First Quarter Financial Results

·Cash and cash equivalents: As of March 31, 2020, the Company had $122.5 million of cash and cash equivalents compared to $130.1 million of cash and cash equivalents as of December 31, 2019. The Company expects cash burn for 2020 to be between $35.0 million $40.0 million. The Company believes its cash and cash equivalents as of March 31, 2020 will be sufficient to meet its current projected operating requirements into 2023.

·Research and Development (R&D) expenses: R&D expenses were $9.1 million for the quarter ended March 31, 2020, compared to $3.7 million for the comparable period in 2019. The increase in R&D expenses was primarily related to the advancement of the Company’s lead product candidate, APR-246. In Q1 2019 the Company commenced a pivotal Phase 3 clinical trial of APR-246 with azacitidine for frontline treatment of TP53 mutant MDS which is supported by two ongoing Phase 1b/2 investigator initiated trials, one in the U.S. and one in France, testing APR-246 with azacitidine as frontline treatment in TP53 mutant MDS and AML patients. In addition, in Q1 2020, the Company began enrolling patients in a Phase 1 clinical trial in frontline and relapsed/refractory TP53 mutant AML assessing APR-246 with venetoclax with or without azacitidine.

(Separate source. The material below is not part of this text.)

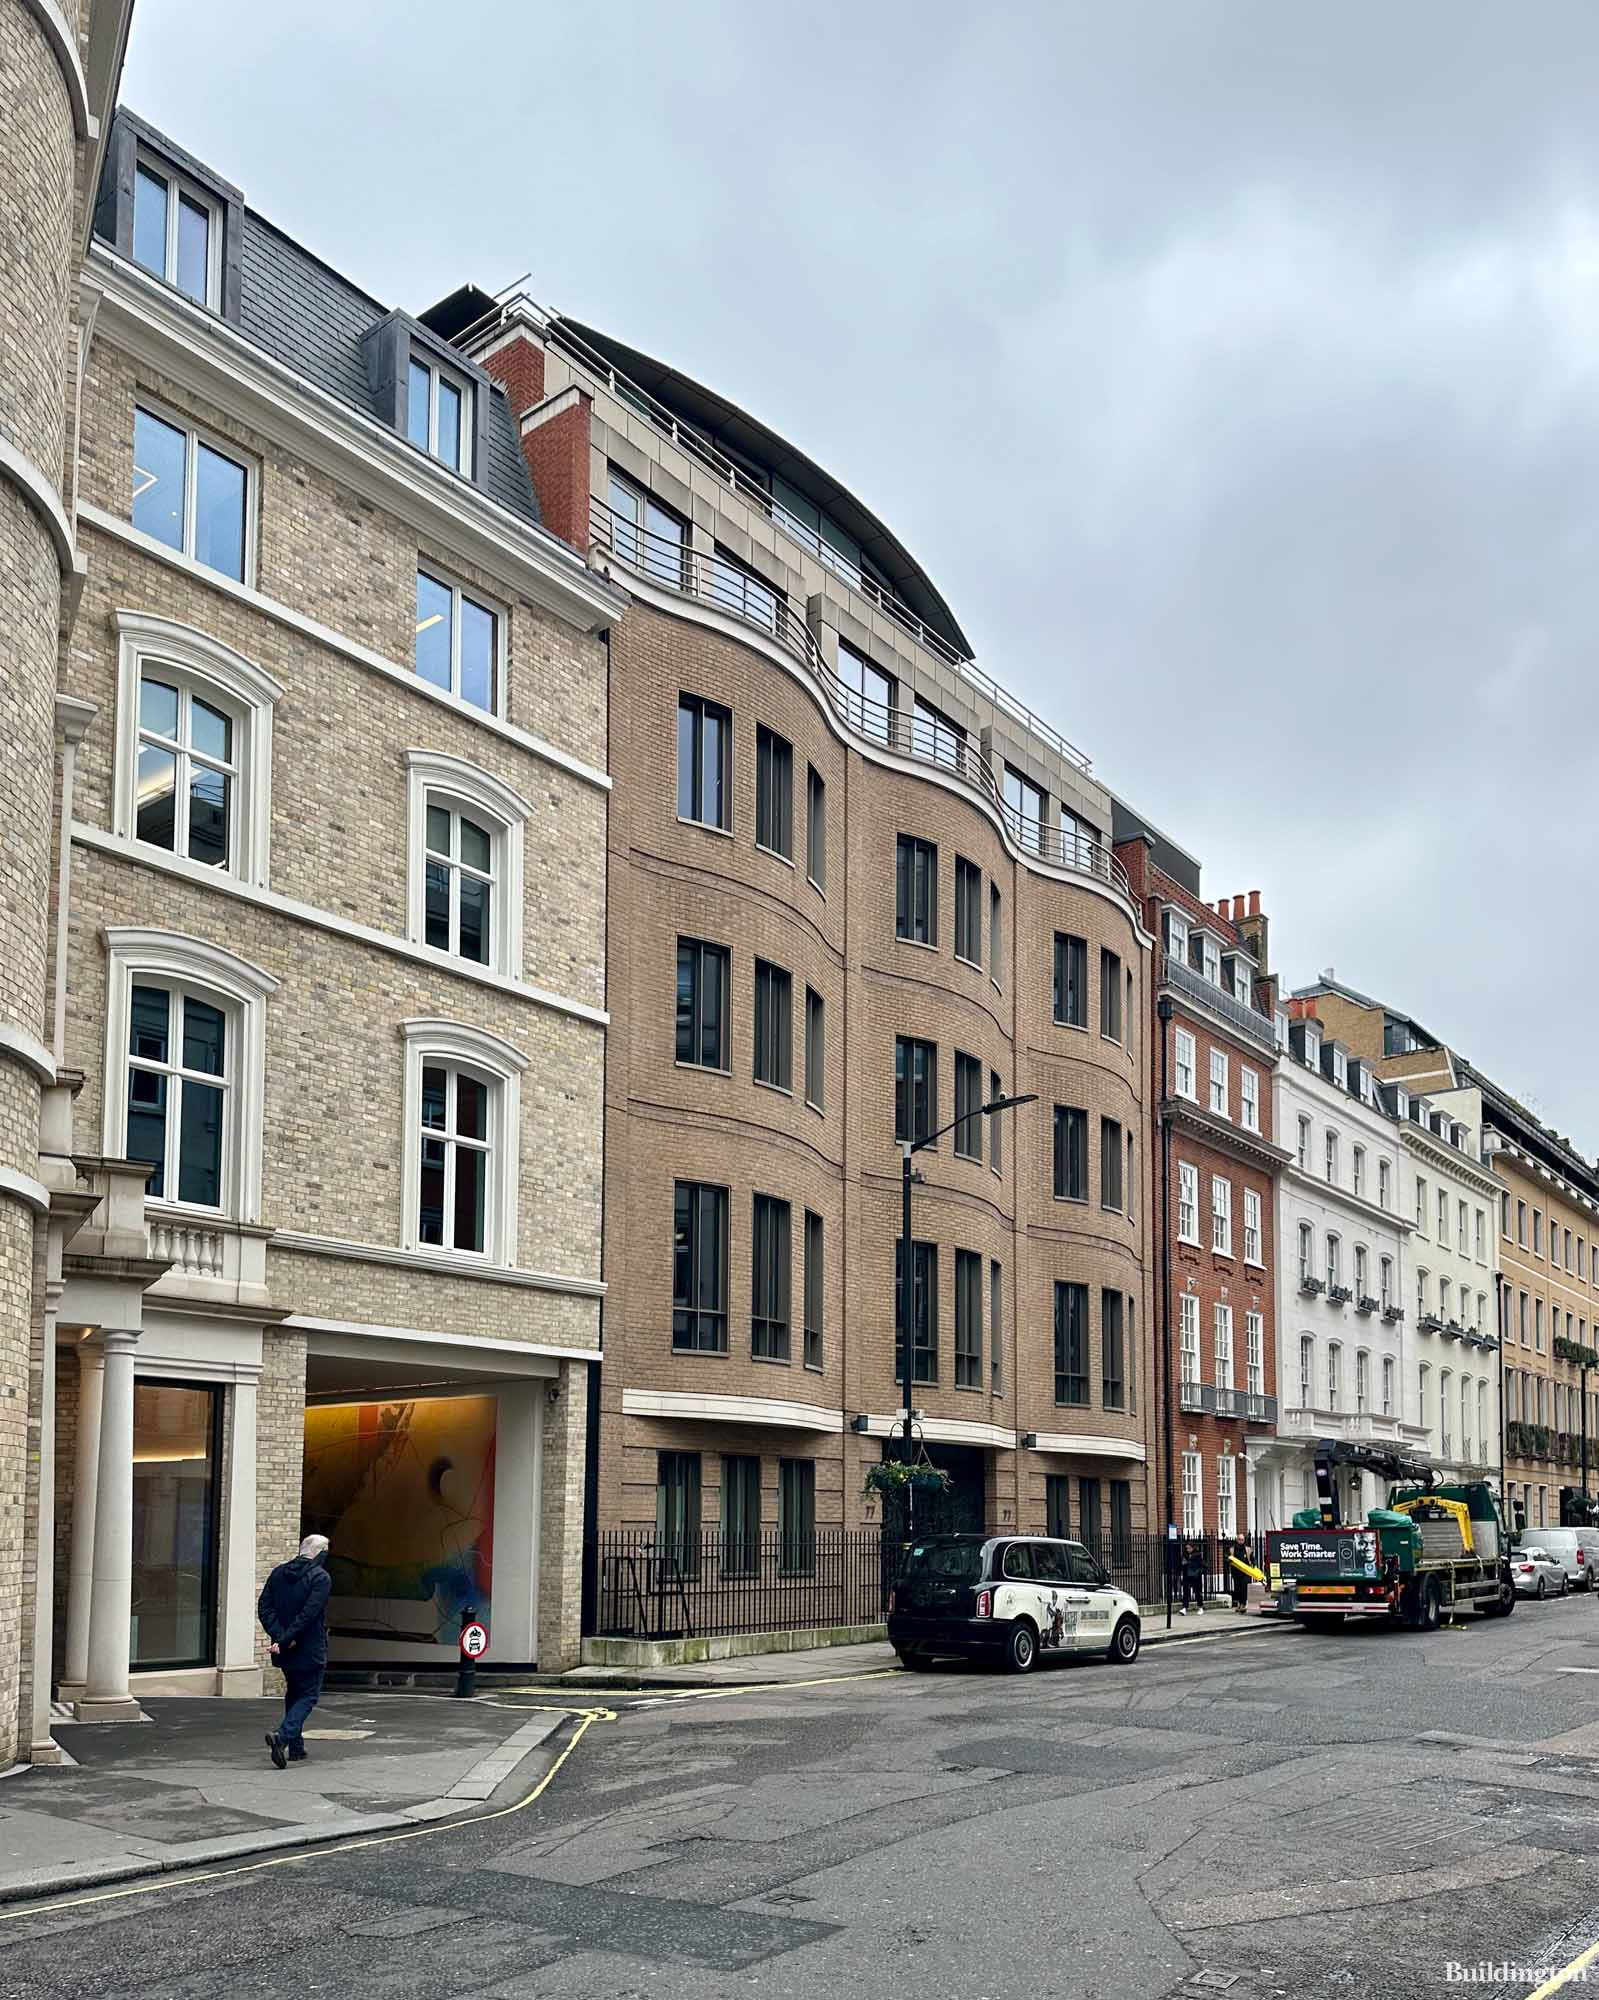 77 Grosvenor Street is an office building in Mayfair, London W1.

·General and Administrative (G&A) expenses: G&A expenses were $2.8 million for the quarter ended March 31, 2020, compared to $0.7 million for the comparable period in 2019. The increase in G&A expenses was primarily due to increased insurance and professional fees associated with operating as a public company, as well as increased personnel costs.

·Net loss: Net loss was $9.4 million, or $0.45 per share for the quarter ended March 31, 2020, compared to a net loss of $3.5 million, or $2.97 per share for the quarter ended March 31, 2019. The Company had 21,054,842 shares of common stock outstanding as of March 31, 2020.